Sandrine, gestisce da sola un nido d’aquila senza acqua corrente, spesso completamente sommerso dalla neve. Armando, amministra una struttura da centocinquanta posti e dieci dipendenti, sul Monte Bianco, da dove prendono il via cordate di scalatori esperti, ma raggiungibile anche da famiglie portate da una avveniristica funivia. Venturino, custode di una specie di baracca a rischio chiusura, nella zona più difficile delle Dolomiti, insieme a sua figlia Maria di nove anni, alla quale sta insegnando il mestiere. In Svizzera la Capanna Rothornhütte dovrà essere abbattuta e ricostruita perché sta crollando a causa dello scioglimento del permafrost su cui poggia e Daniela, rifugista, dovrà ospitare gli operai fino alla conclusione del cantiere.
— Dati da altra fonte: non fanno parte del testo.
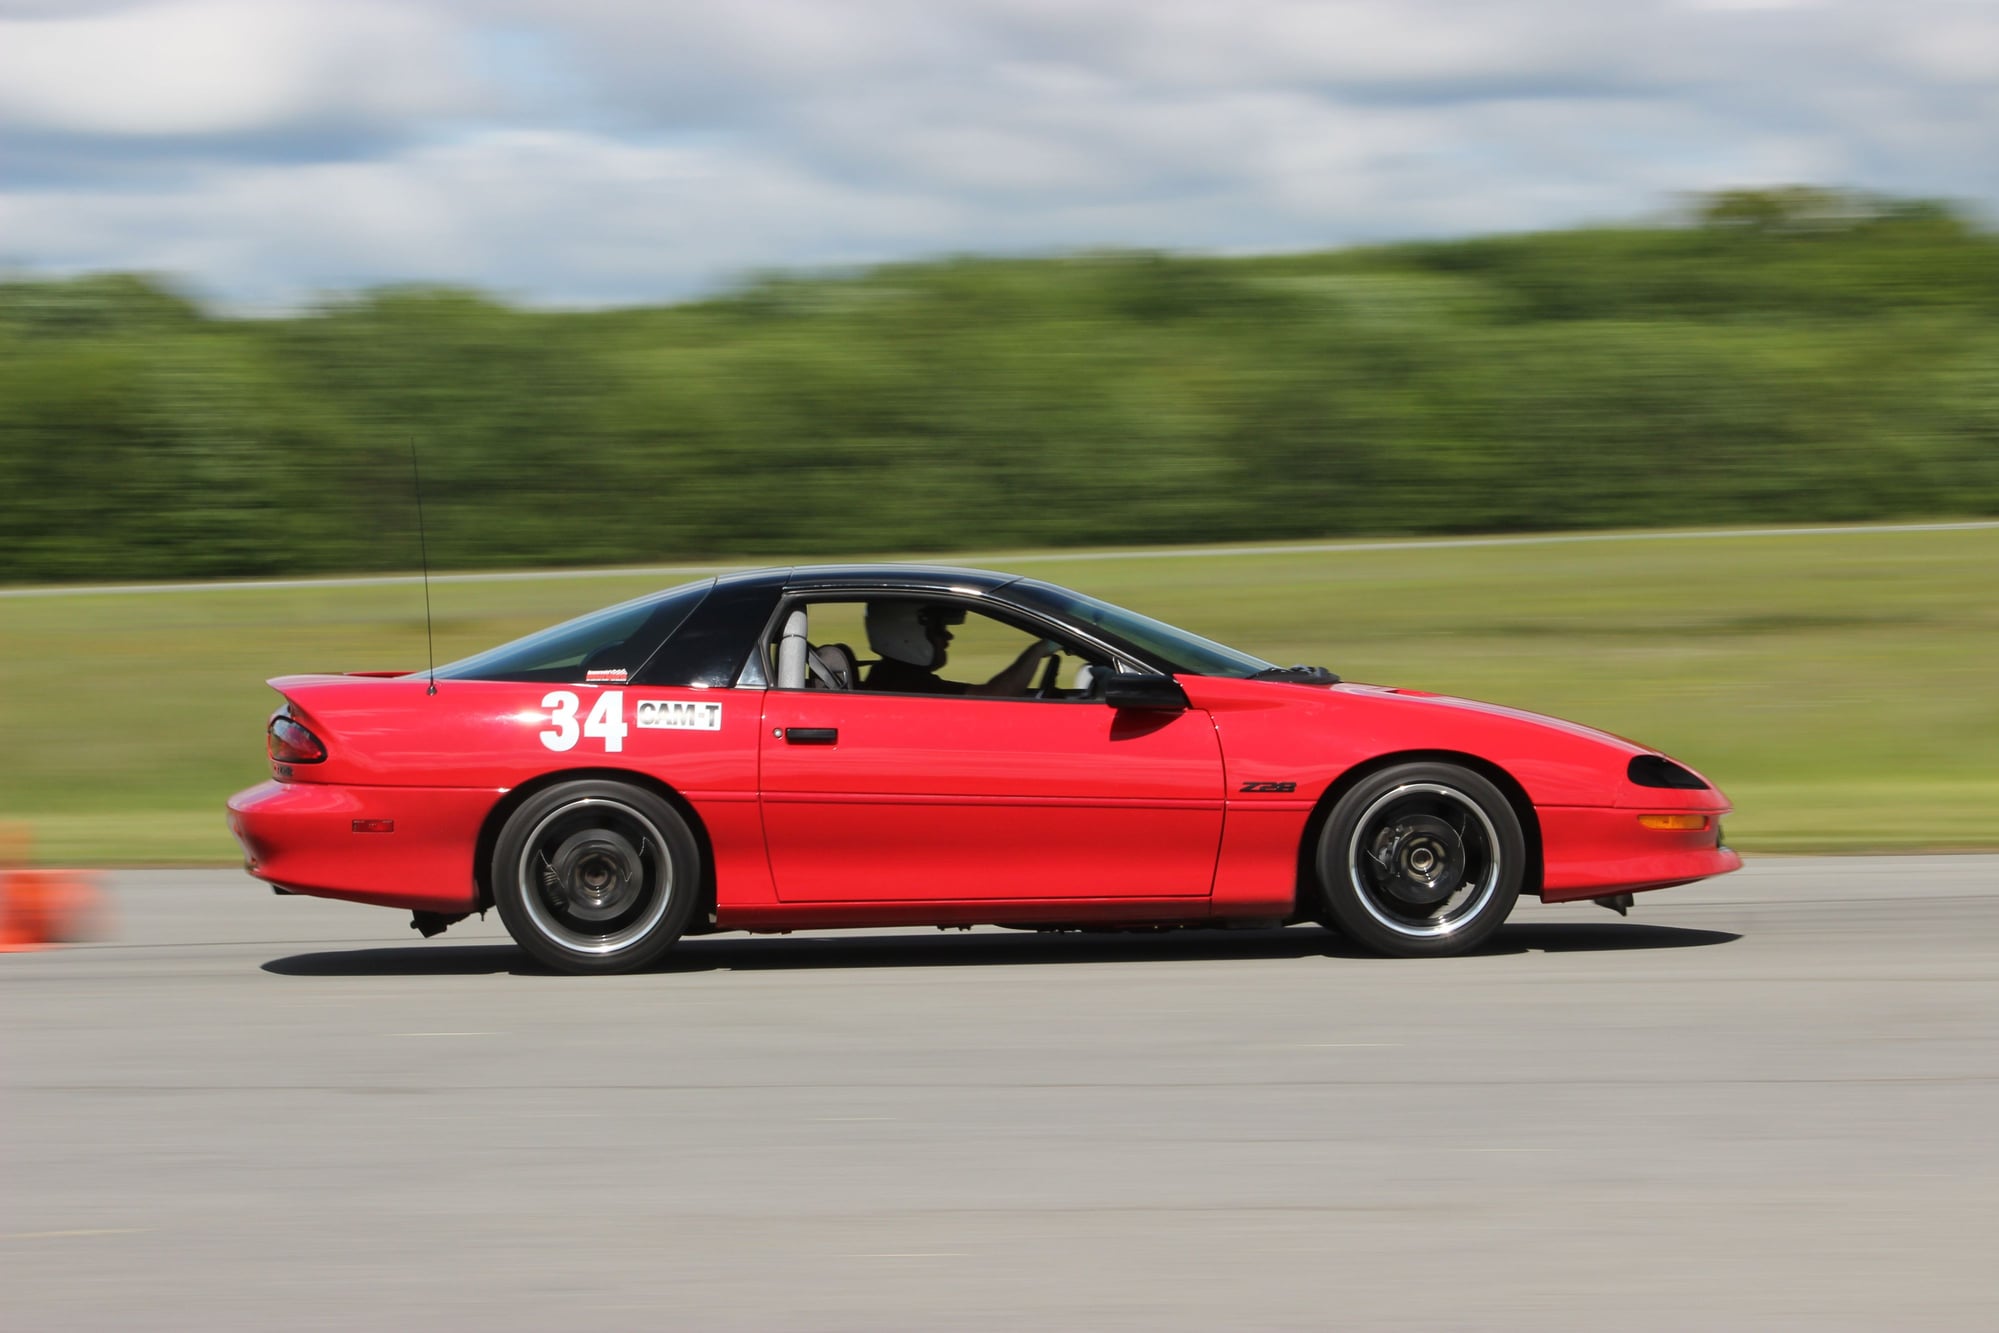 1994 Chevrolet Camaro - 1994 Z28 1LE - Track Day/Autocross Car - Used - VIN 2G1FP22P6R2189625 - 52,691 Miles - 8 cyl - 2WD - Manual - Coupe - Red - Hollidaysburg, PA 16648, United States

Alta quota è un film che parla del rapporto tra uomo e Natura, entrando nell’intimità di vite al limite, in un mondo di frontiera sotto la costante e concreta minaccia della crisi climatica.
L’alta montagna è stata raccontata, tanto nel cinema quanto nella letteratura – salvo rare eccezioni – attraverso grandi imprese, avventure mitiche o sfide estreme di alpinisti eroici. Nel nostro film, di eroi, non ce ne sono. Il punto di vista è quello di personaggi da sempre ai margini di quest’epica, i rifugisti. Anello di congiunzione tra gli eterogenei frequentatori di un mondo in bilico tra l’immaginario romantico di un tempo, quando le Alpi sembravano inaccessibili e da scoprire, e la realtà di oggi, turistica e pop, in cui da esplorare è rimasto poco o niente, e rappresenta un importante indotto economico a cui è difficile rinunciare. I rifugisti sono persone normali che gestiscono situazioni straordinarie, confrontandosi con i propri limiti e le proprie (e altrui) ambizioni, in un luogo pieno di conflitti estetici e narrativi, che gli si sta letteralmente sfaldando intorno. Tra ghiacciai che scompaiono, interi pendii che si sgretolano e rifugi che crollano.
Un documentario che fotografa un mondo destinato a mutare inesorabilmente, che necessita di un cambio di paradigma da parte di chi lo frequenta e di chi ci lavora. Che, quindi, racconta il presente (forse già la memoria), ma parla anche di futuro.